Potret Kantor Unit Penyelenggara Pelabuhan (UPP) Kelas II Reo yang rusak akibat Gempa NTT (dephub.go.id) BMKG juga melaporkan melalui hasil observasi stasiun pasang surut yang mengindikasikan, gempa bumi ini memicu terjadinya tsunami di 16 lokasi pada empat provinsi yaitu NTT, NTB, Sulawesi Selatan, dan Sulawesi Tenggara.
Ketinggian tsunami paling tinggi tercatat di Pota, Manggarai Timur, NTT, pada pukul 05.03 WIB (1,6 meter), dan terendah di Bakalang, Alor, NTT pada pukul 05.41 WIB (0,14 meter).
Sementara, berdasarkan hasil sementara pantauan dan informasi BNPB di lapangan, gempa NTT menyebabkan korban jiwa 70 orang, korban luka-luka 1.182 orang, dan 40.040 lainnya mengungsi. Gempa juga menyebabkan kerusakan di sejumlah wilayah, terutama Manggarai Barat, Manggarai, Manggarai Timur, hingga Sikka, Maumere.
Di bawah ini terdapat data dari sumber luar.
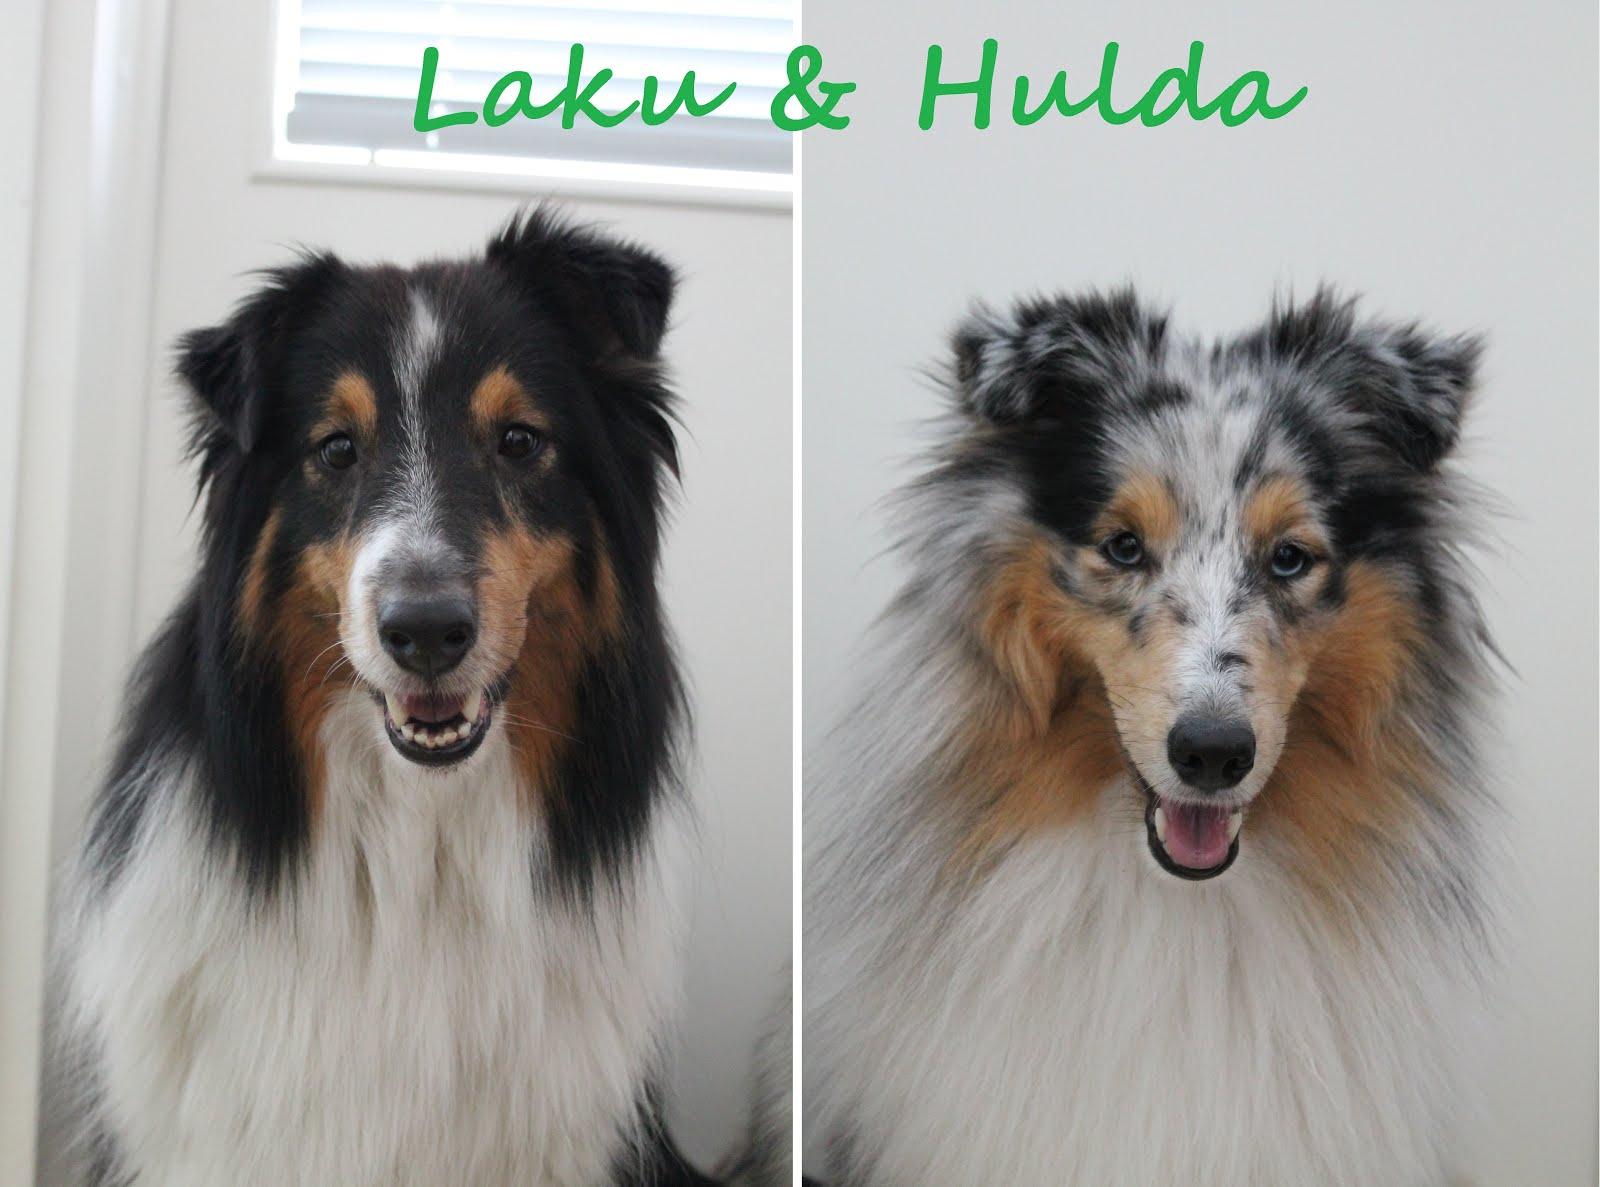 Laku & Hulda
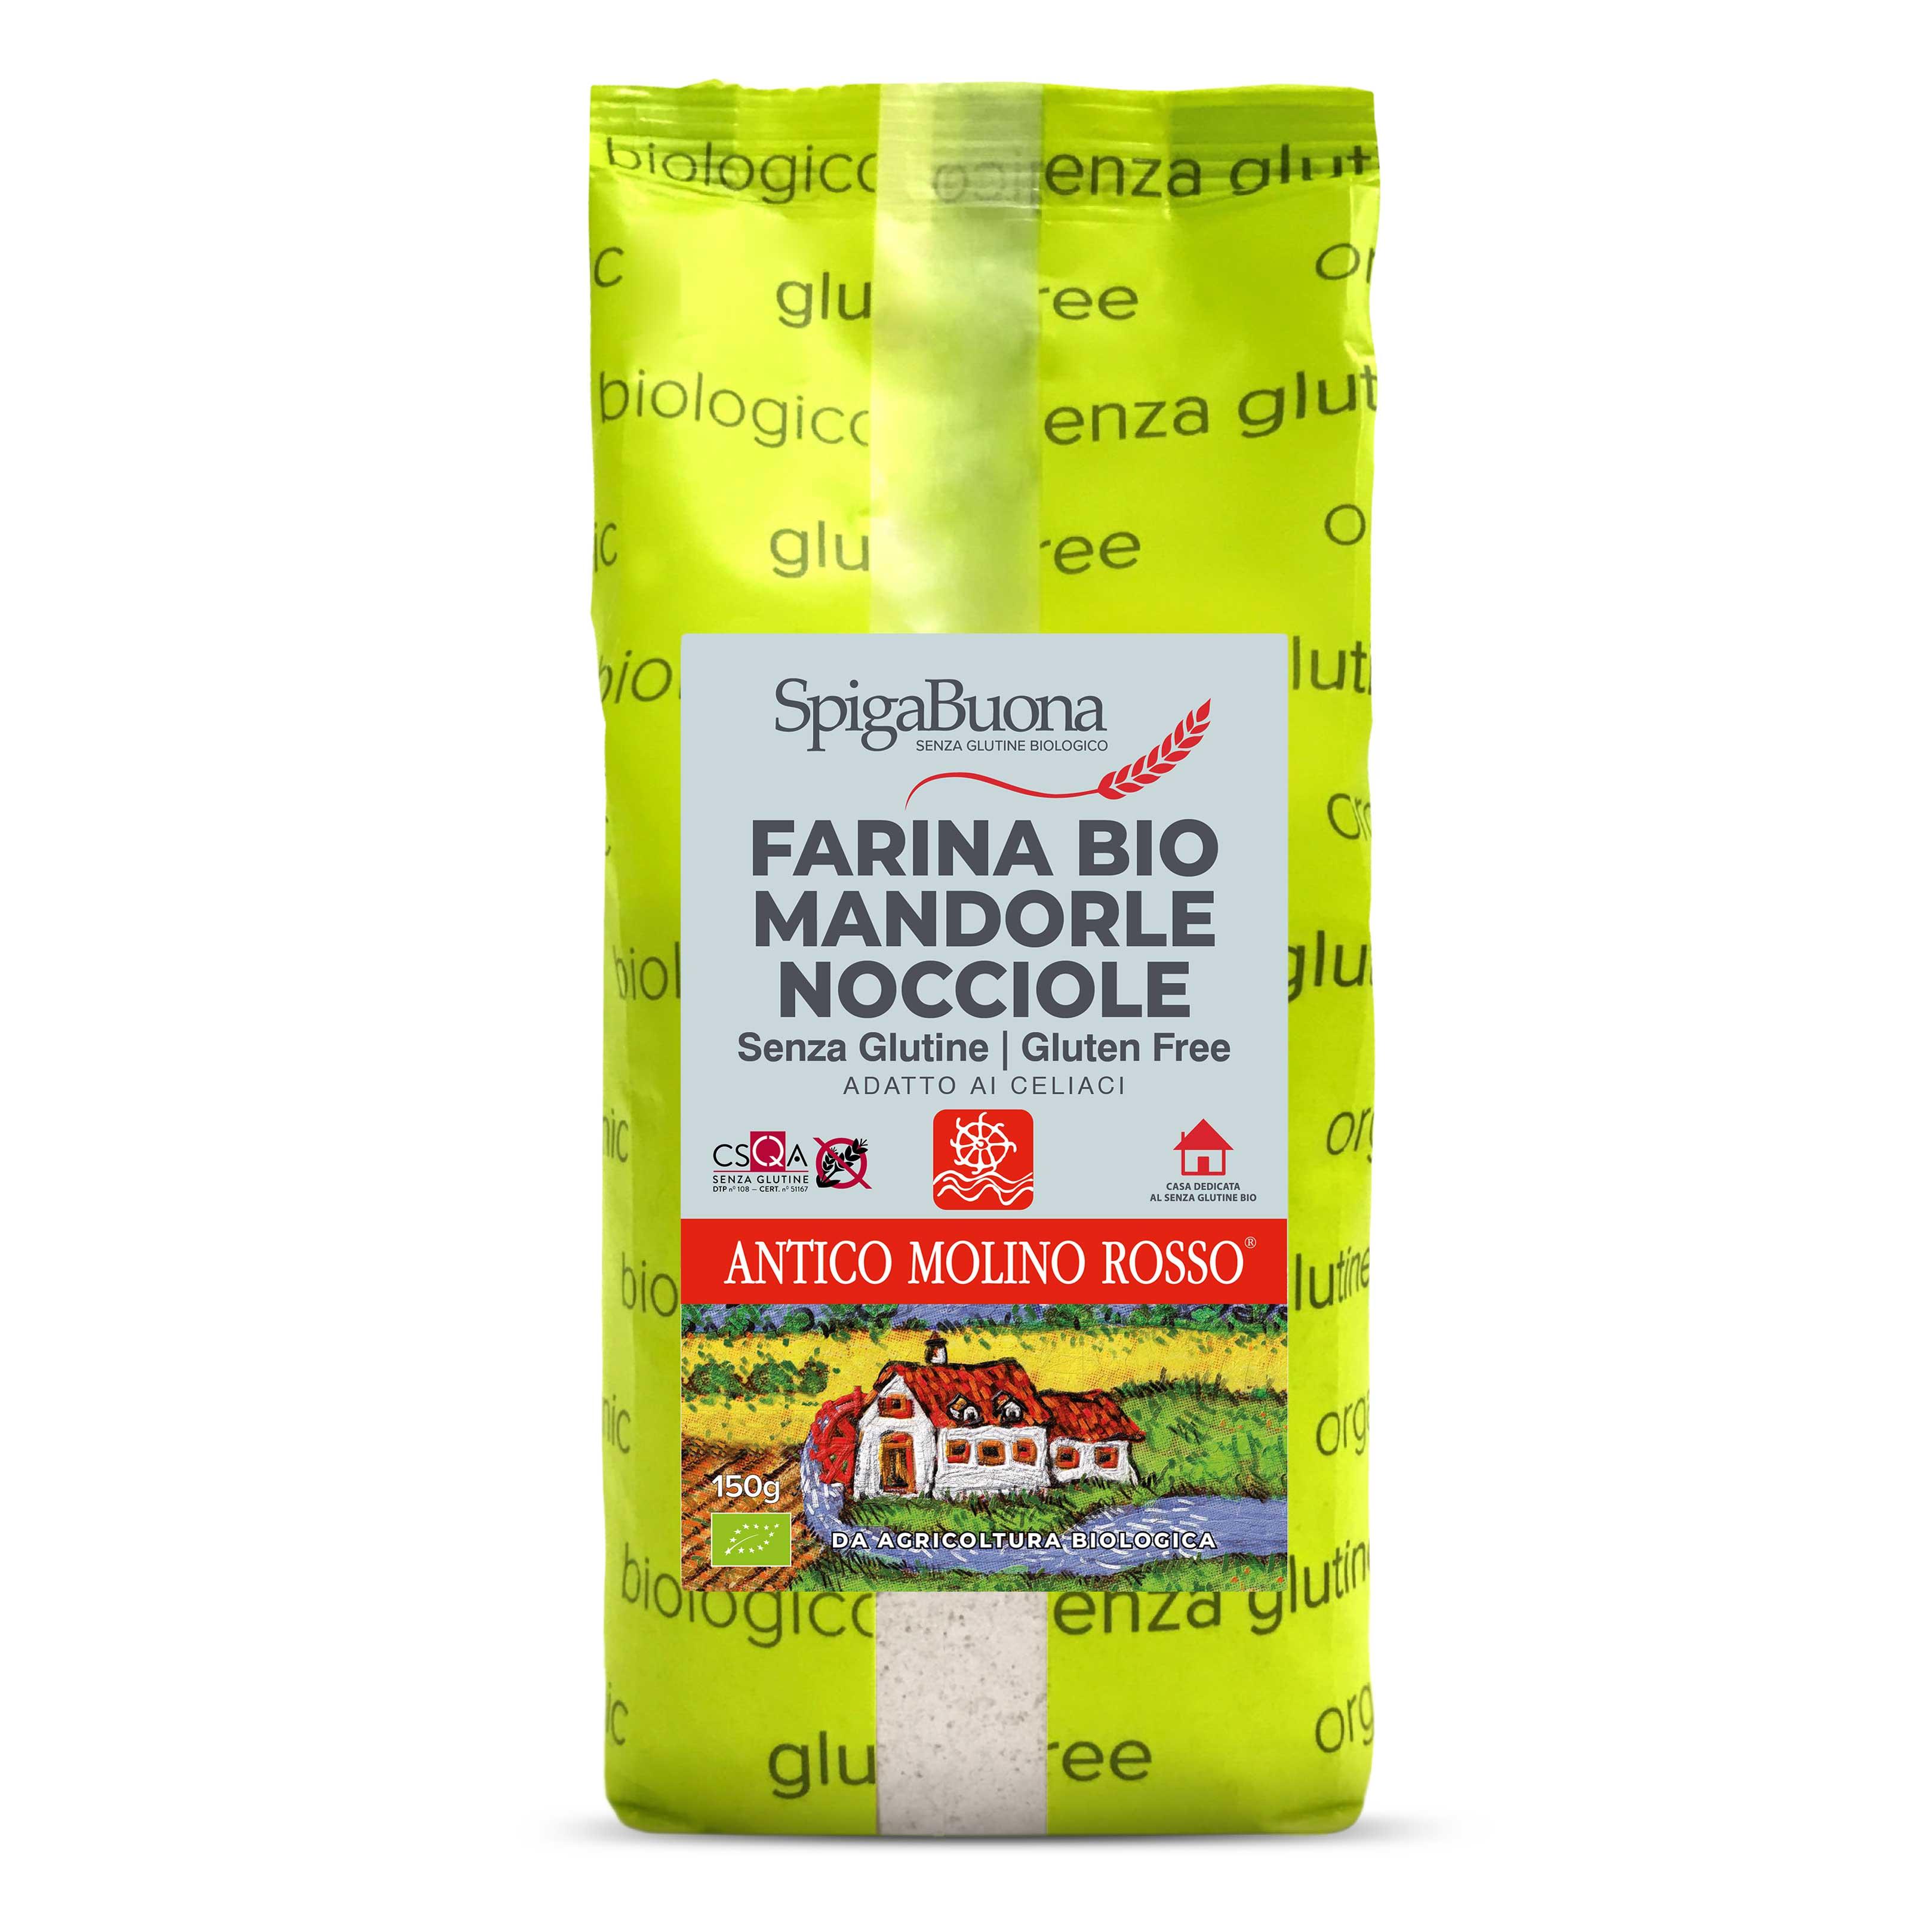 farina bio mandorle nocciole senza glutine 150g

Kerusakan tersebut bervariasi dari ringan hingga berat.
3. BMKG libatkan tim gabungan untuk survei wilayah terdampak gempa

Tim SAR gabungan evakuasi korban gempa NTT (Dok. Tim SAR) BMKG juga telah menerjunkan tim gabungan dari pusat dan UPT untuk melakukan survei gempa bumi merusak, meliputi survei makroseismik, pengukuran mikrotremor dan MASW. Survei dilakukan untuk mengetahui karakteristik serta respons tanah terhadap guncangan, monitoring gempa susulan, dan verifikasi dampak tsunami di lapangan.
Selain itu, survei ini menyokong proses pemulihan dan rekonstruksi pascabencana sekaligus menjadi dasar pemetaan mikrozonasi pascagempa, evaluasi kondisi wilayah terdampak. Pun dilakukan penyusunan rekomendasi mitigasi dan rekonstruksi yang lebih aman.
Wilayah yang diprioritaskan berdasarkan bencana susulan ini berfokus pada daerah dengan kerusakan sedang hingga berat, serta dibandingkan dengan lokasi yang relatif tidak mengalami kerusakan.
BMKG akan terus memantau aktivitas gempa bumi susulan, dan melaporkan informasi terbaru secara berkala kepada stakeholder juga masyarakat.
Masyarakat diimbau memantau informasi resmi BMKG melalui kanal komunikasi resmi yang telah terverifikasi seperti media sosial @infoBMKG, website www.bmkg.go.id atau inatews.bmkg.go.id.